** What you should do **
Copy down every line of the data that follows exactly. Omit the pictures.

** Supplied material **
= = = = =
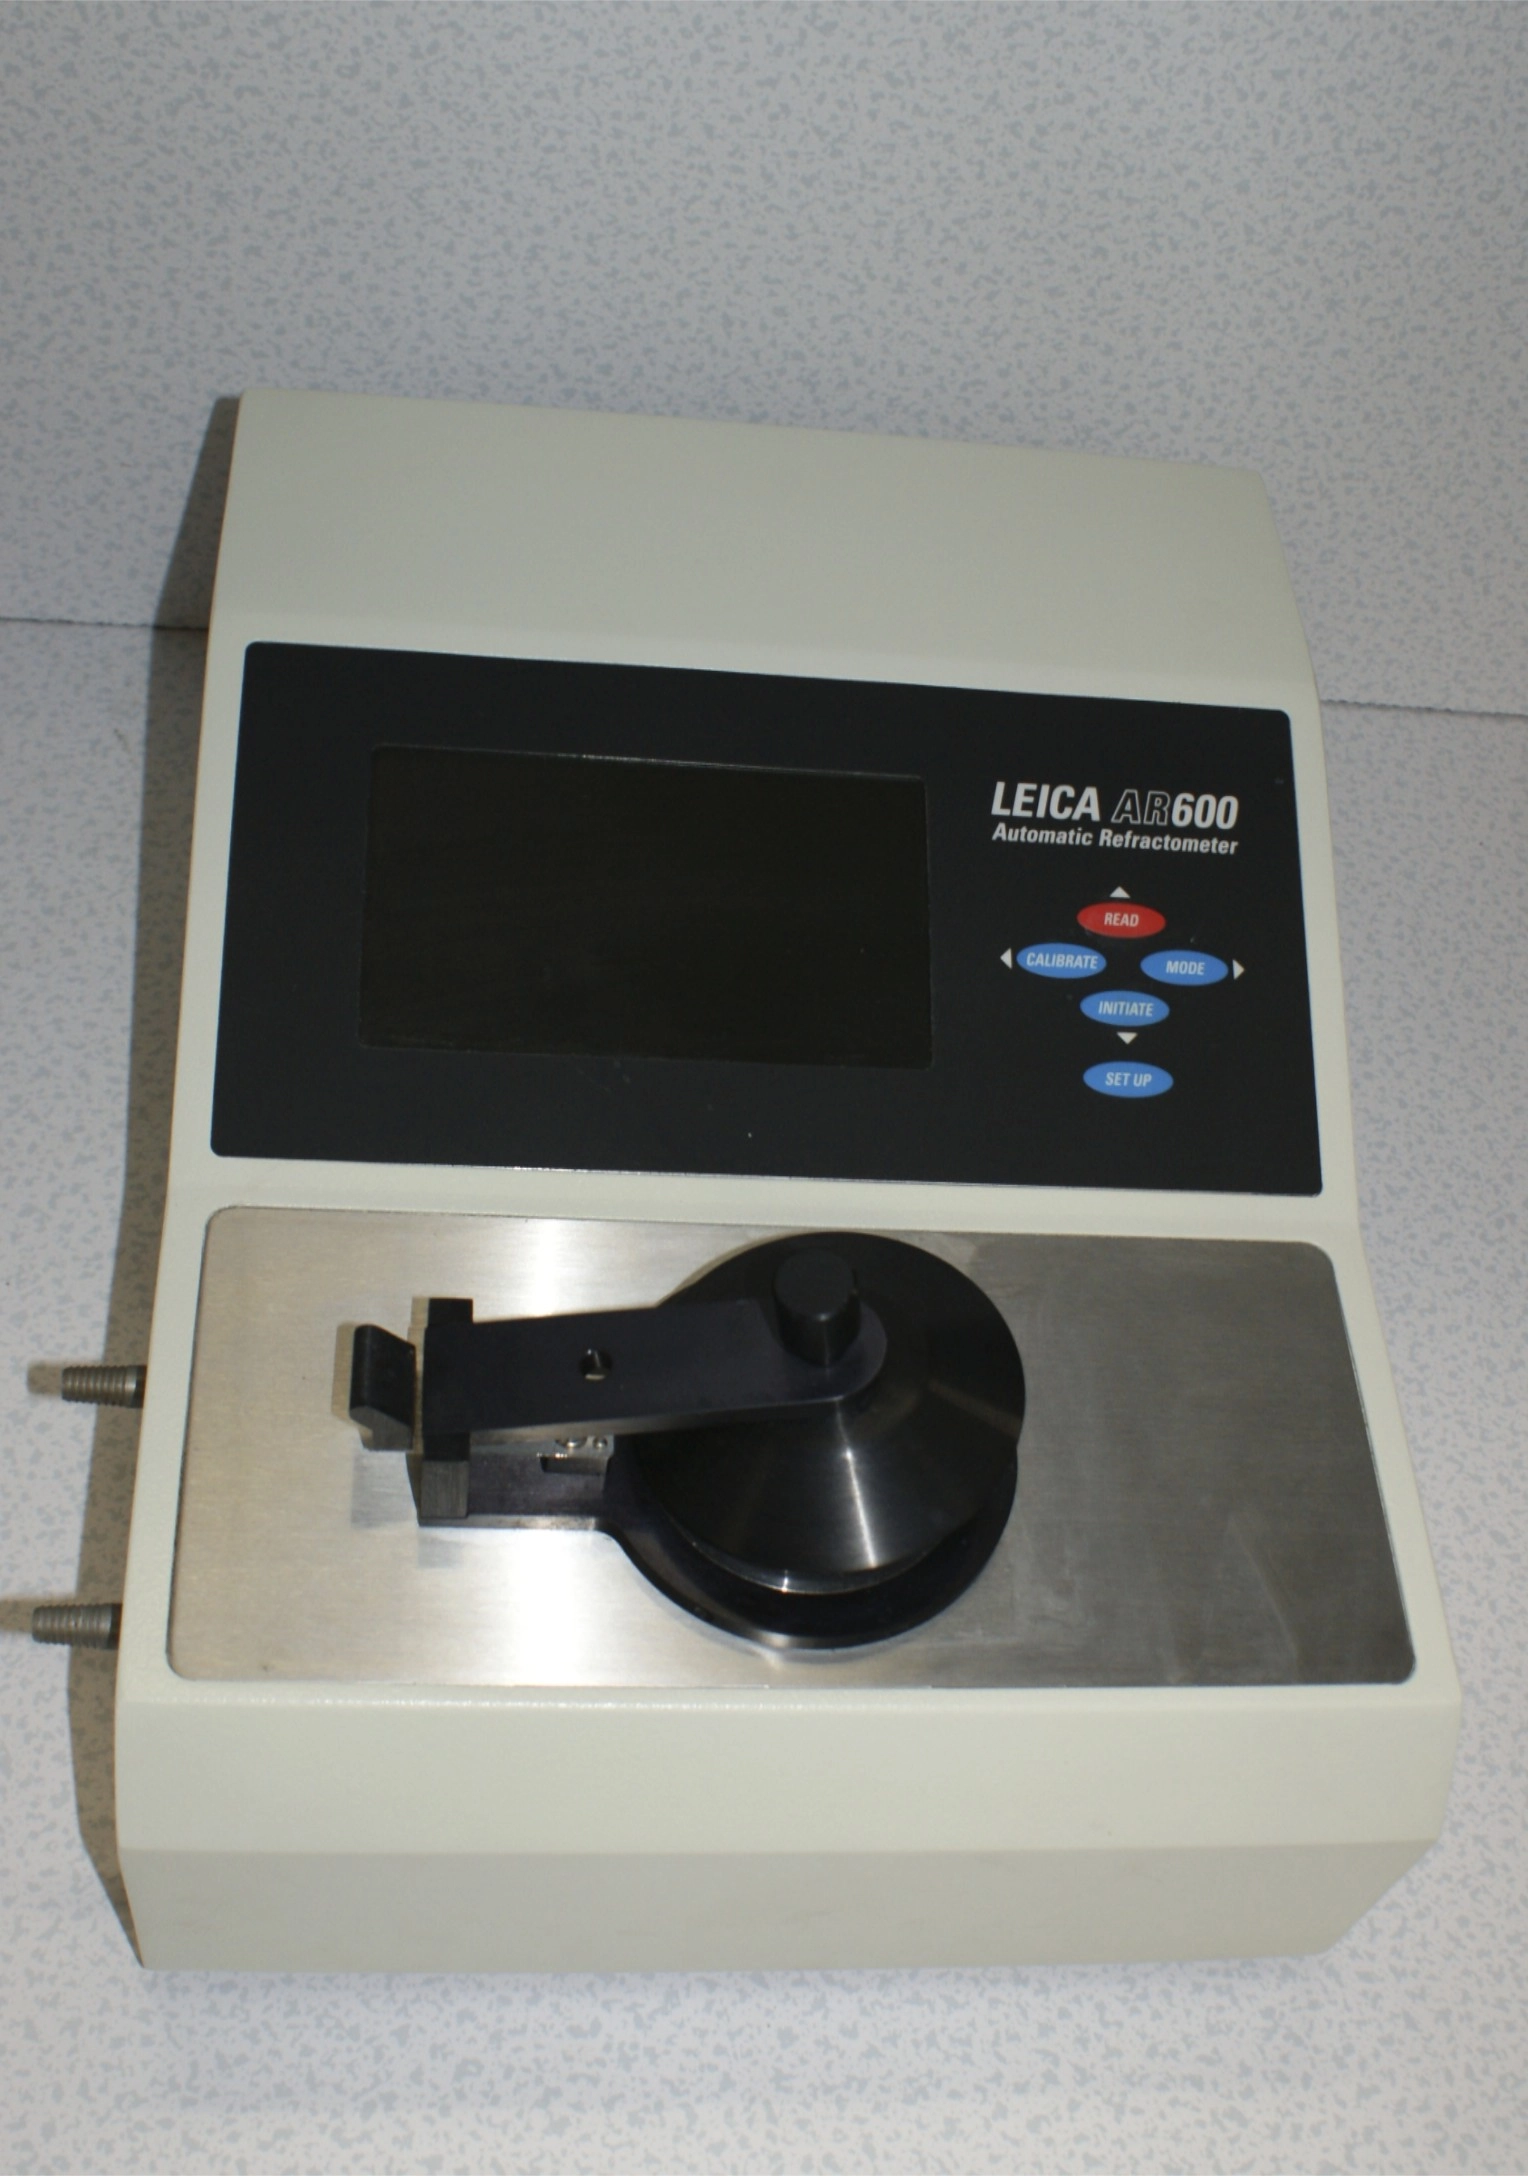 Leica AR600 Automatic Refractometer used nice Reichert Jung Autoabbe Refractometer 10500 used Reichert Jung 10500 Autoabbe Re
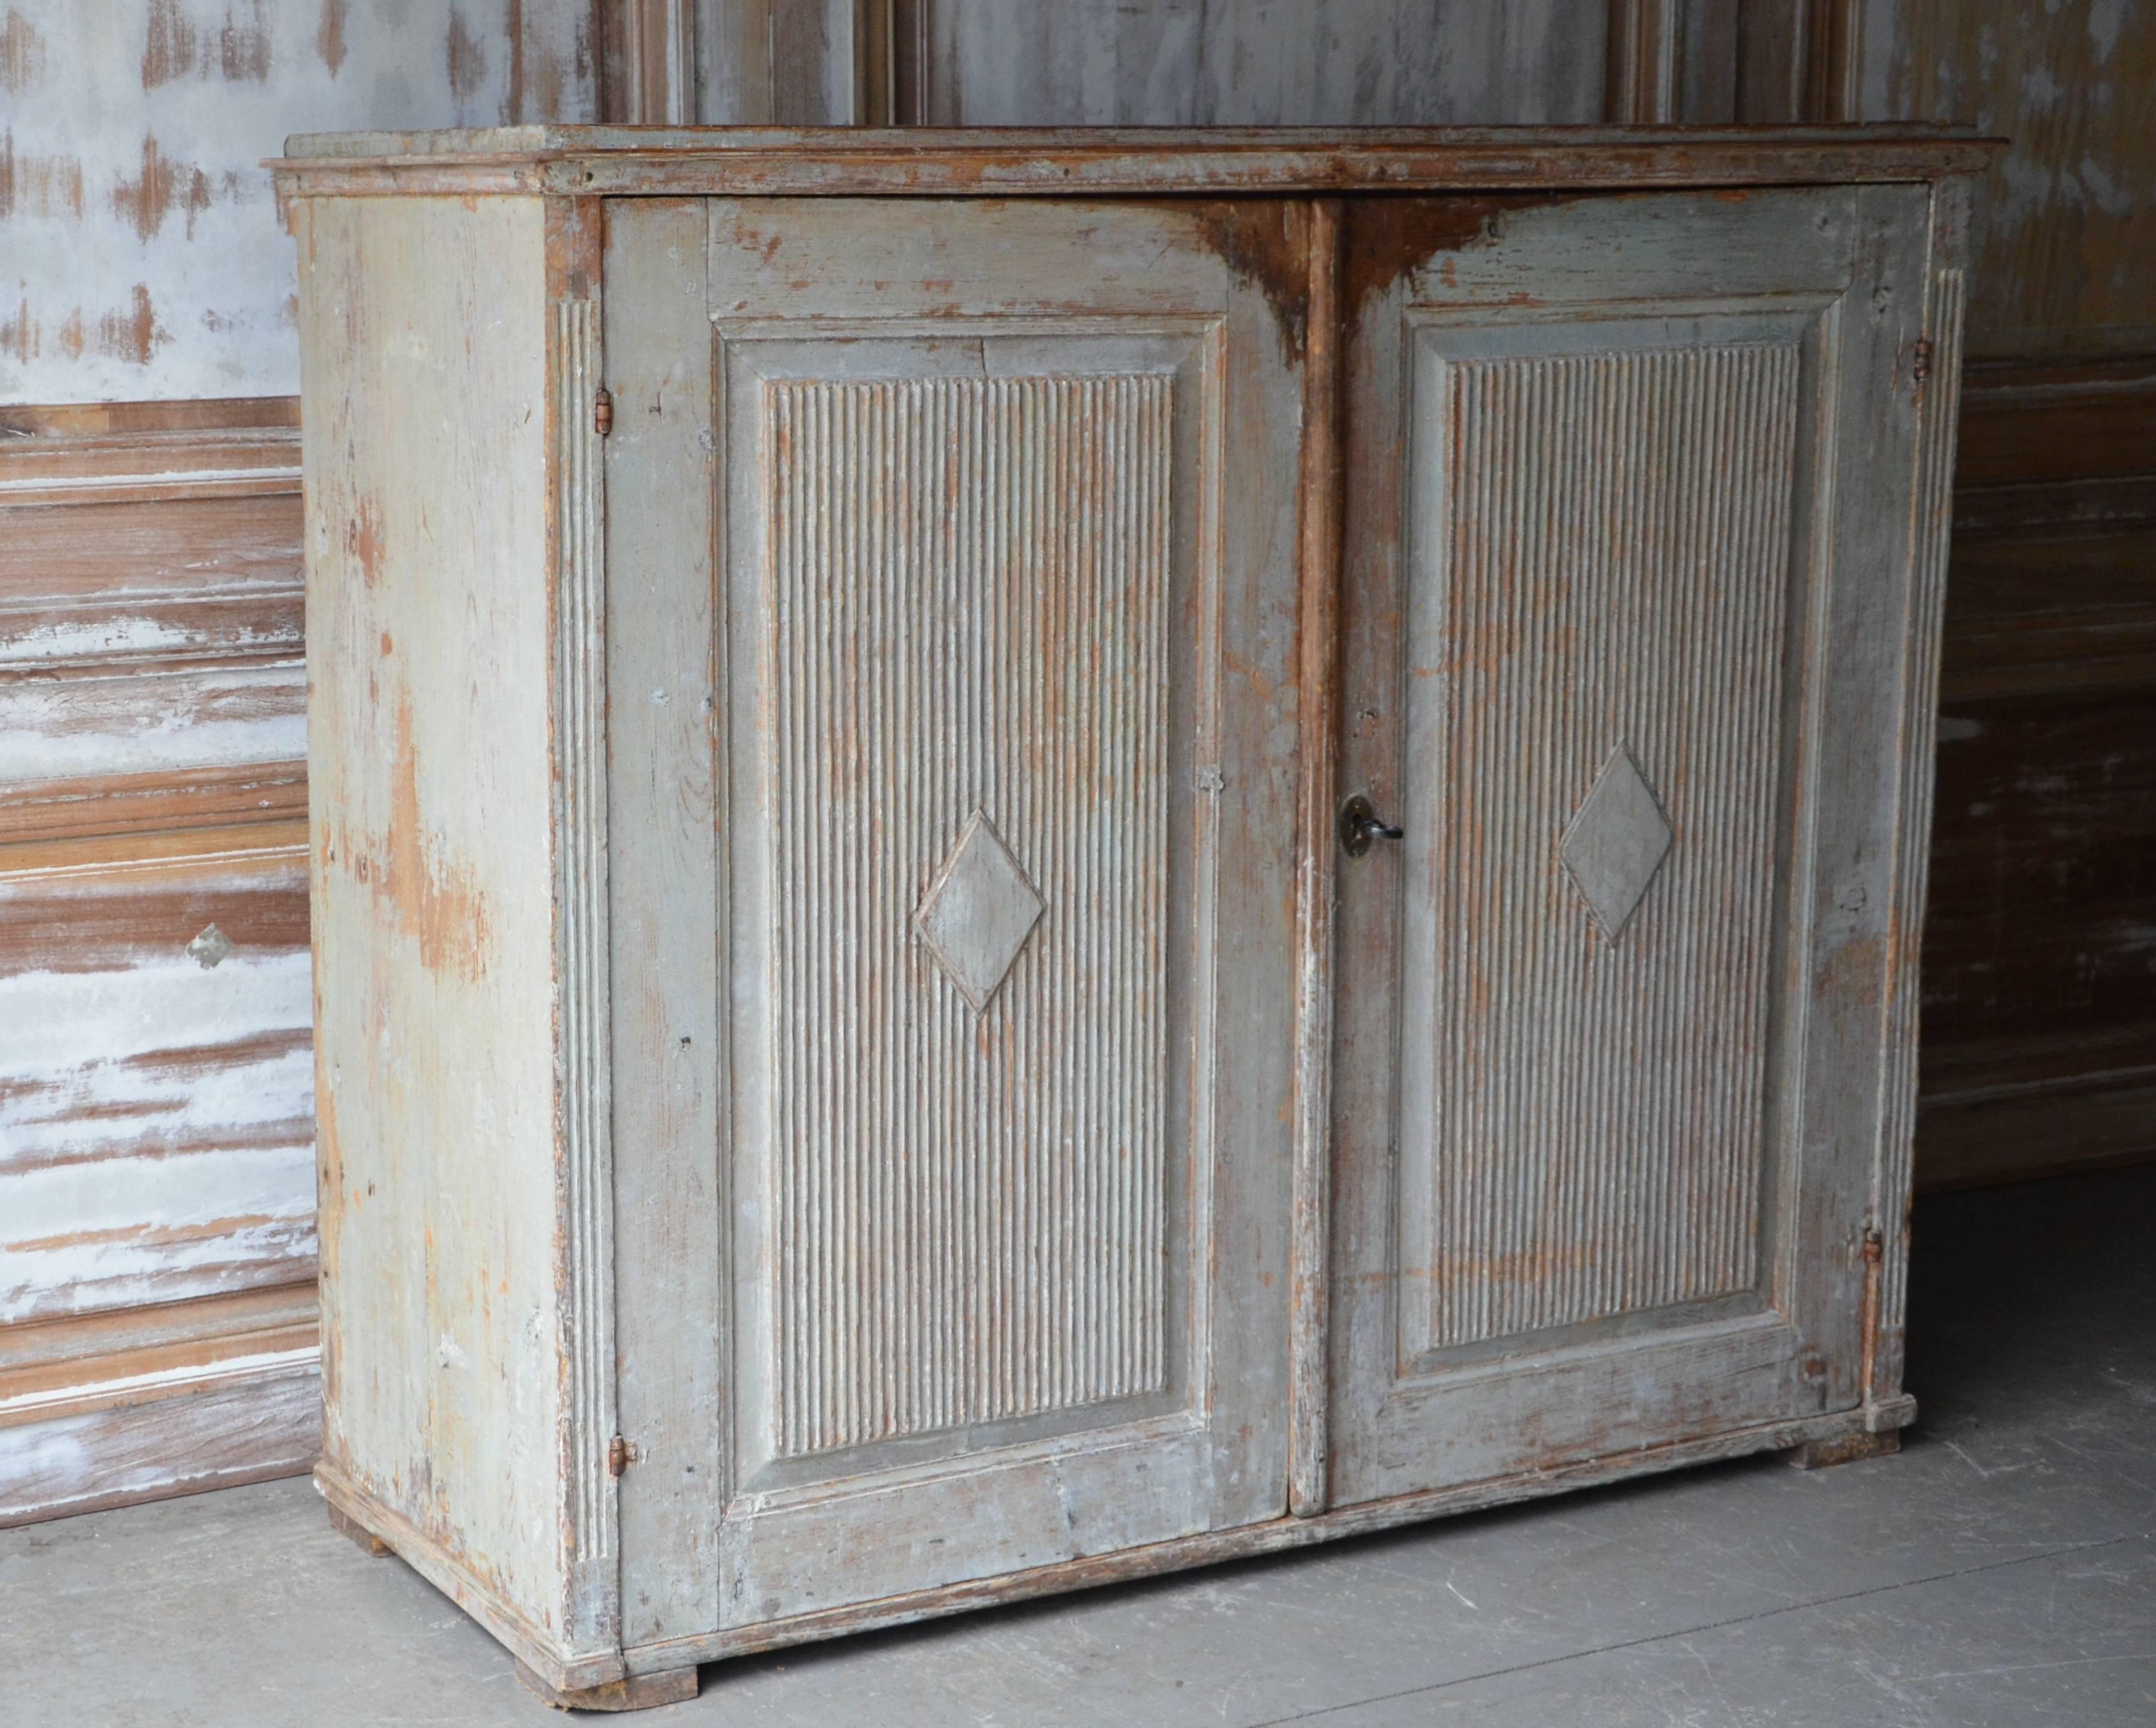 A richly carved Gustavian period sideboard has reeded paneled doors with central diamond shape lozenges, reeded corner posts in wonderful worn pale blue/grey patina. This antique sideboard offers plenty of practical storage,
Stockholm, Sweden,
= = = = =
** Answer section **
 Leica AR600 Automatic Refractometer used nice Reichert Jung Autoabbe Refractometer 10500 used Reichert Jung 10500 Autoabbe Re
 A richly carved Gustavian period sideboard has reeded paneled doors with central diamond shape lozenges, reeded corner posts in wonderful worn pale blue/grey patina. This antique sideboard offers plenty of practical storage,
Stockholm, Sweden,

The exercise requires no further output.